The legislature also “directed the Secretary of State to conduct an audit of earned time to evaluate the actual and potential impacts of the program”; to assess ODOC’s “compliance with statutes and its rules, policies and procedures”; and to “analyze best practices among similar programs in other jurisdictions.”
“Using the [ODOC’s] average daily cost per inmate for the 2007 to 2009 biennium of $77.78,” the audit report estimated that “Oregon saved at least $25 million with the earned time program for 2009.” However, that estimate “does not include any social, victim, or law enforcement costs associated with any new crimes committed by inmates during the time they otherwise would have been in prison had they not been awarded earned time,” the auditors noted. Yet no such crimes were cited in the report.
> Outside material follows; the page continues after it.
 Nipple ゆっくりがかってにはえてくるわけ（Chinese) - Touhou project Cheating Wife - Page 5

The $25 million in estimated savings also did not consider “deferred costs due to delays in transitional services and ... supervision had these inmates been kept in prison longer.”
Of the 3,706 offenders released in fiscal year 2009, 79% had their sentences reduced an average of 82 days. A random sampling of 70 cases found that “collectively, this group had an average incarceration reduction of 12%, with a median reduction of 17%.” Those prisoners did not serve a total of “about 7,813 days in prison due to earned time reductions,” the audit report found.
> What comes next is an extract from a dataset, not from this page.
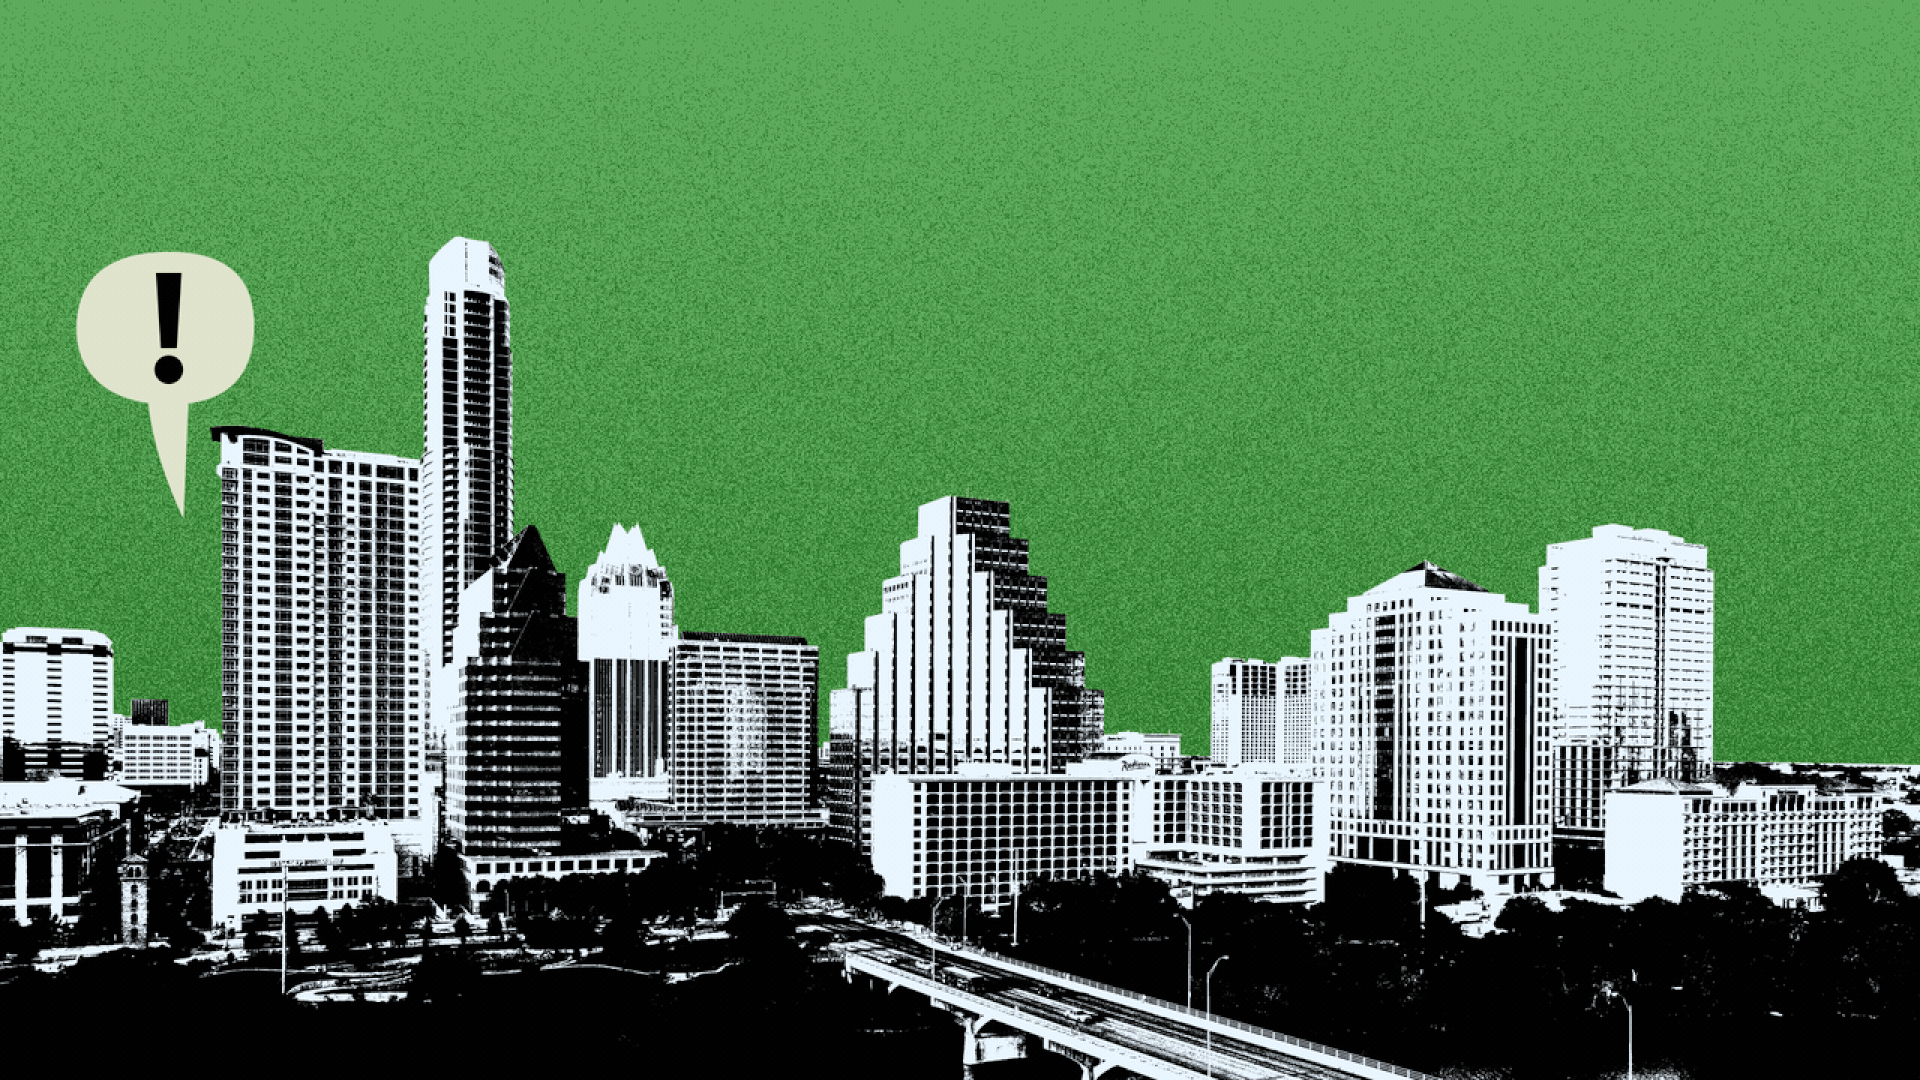 Illustration of the Austin skyline with word balloons with exclamation points popping up from left to right.

Despite observing “some areas in which practices could be improved,” including clarifying earned time rules, the auditors reported that ODOC’s “practices were generally consistent with the earned time statutes and rules.”
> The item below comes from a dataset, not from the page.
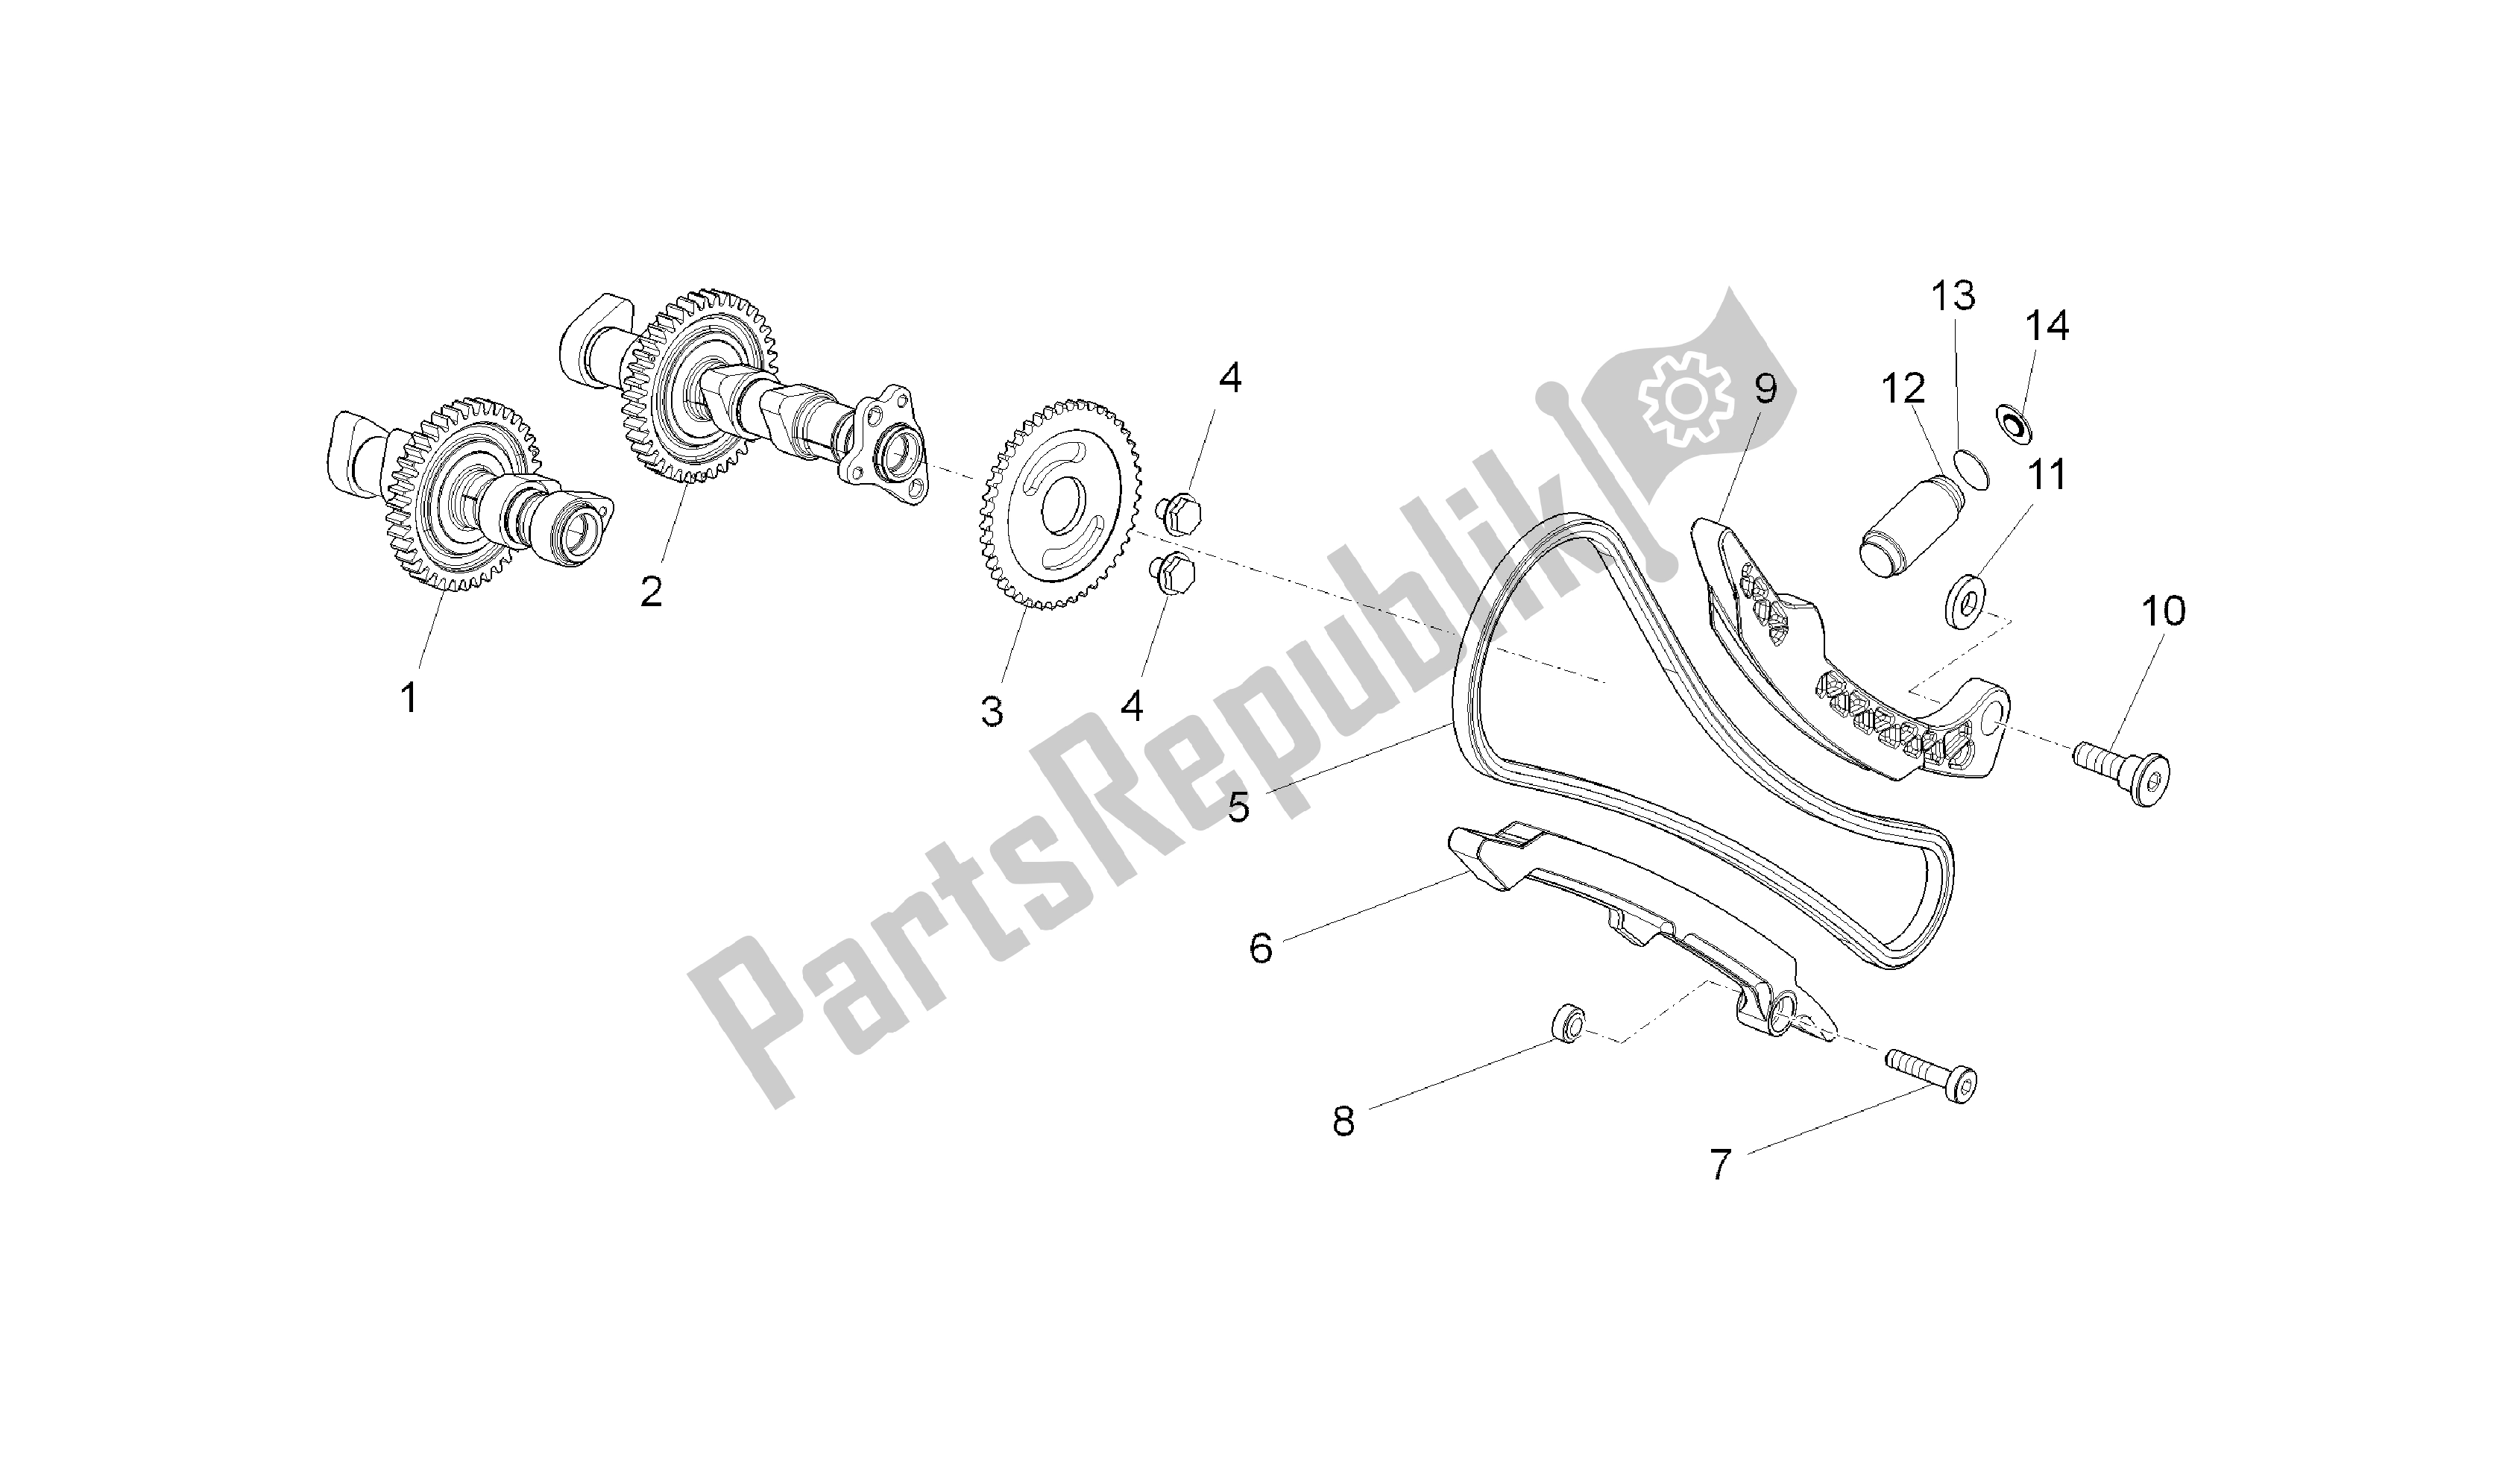 All parts for the Front Cylinder Timing System of the Aprilia RSV4 Aprc R 3982 1000 2011 - 2012

The audit also examined earned time and incarceration reduction programs in New York, Oklahoma, Pennsylvania, Washington and the federal Bureau of Prisons. “However, differences in sentence structure, prison populations, and definitions of recidivism” prevented the auditors “from drawing conclusions regarding best practices.”
Further, the audit “reviewed various studies to better understand the relationship between incarceration reduction and recidivism.” Such research indicated “that recidivism is no worse for inmates receiving a [sentence] reduction.” In fact, studies in Washington and New York found “lower recidivism rates for offenders released under earned time policies.” However, the audit report did not “draw conclusions about the impact of earned time on the recidivism of inmates released in Oregon.”
“Studies of the relationship between incarceration and crime rates also appears to be mixed,” the auditors noted. The Oregon Criminal Justice Commission (CJC) and Washington State Institute of Public Policy “found that a 10% increase in incarceration rates would lead to a 2.6% decrease in the overall crime rate in Oregon and a 3.3% reduction in Washington,” according to the audit. “CJC noted that this would require an additional $73 million in prison spending per biennium in Oregon.”
“Cost-benefit analyses conducted on earned time policies seem to indicate that such policies often produce more overall benefits than costs,” the auditors concluded. The “CJC found that each dollar of incarceration costs in 2005 resulted in $1.03 in benefits in Oregon, significantly down from the $3.31 in benefits for each dollar spent in 1994.”
Copies of the report are available from the Oregon Audits Division, 255 Capitol Street NE, Suite 500, Salem, OR 97310, and on PLN’s website.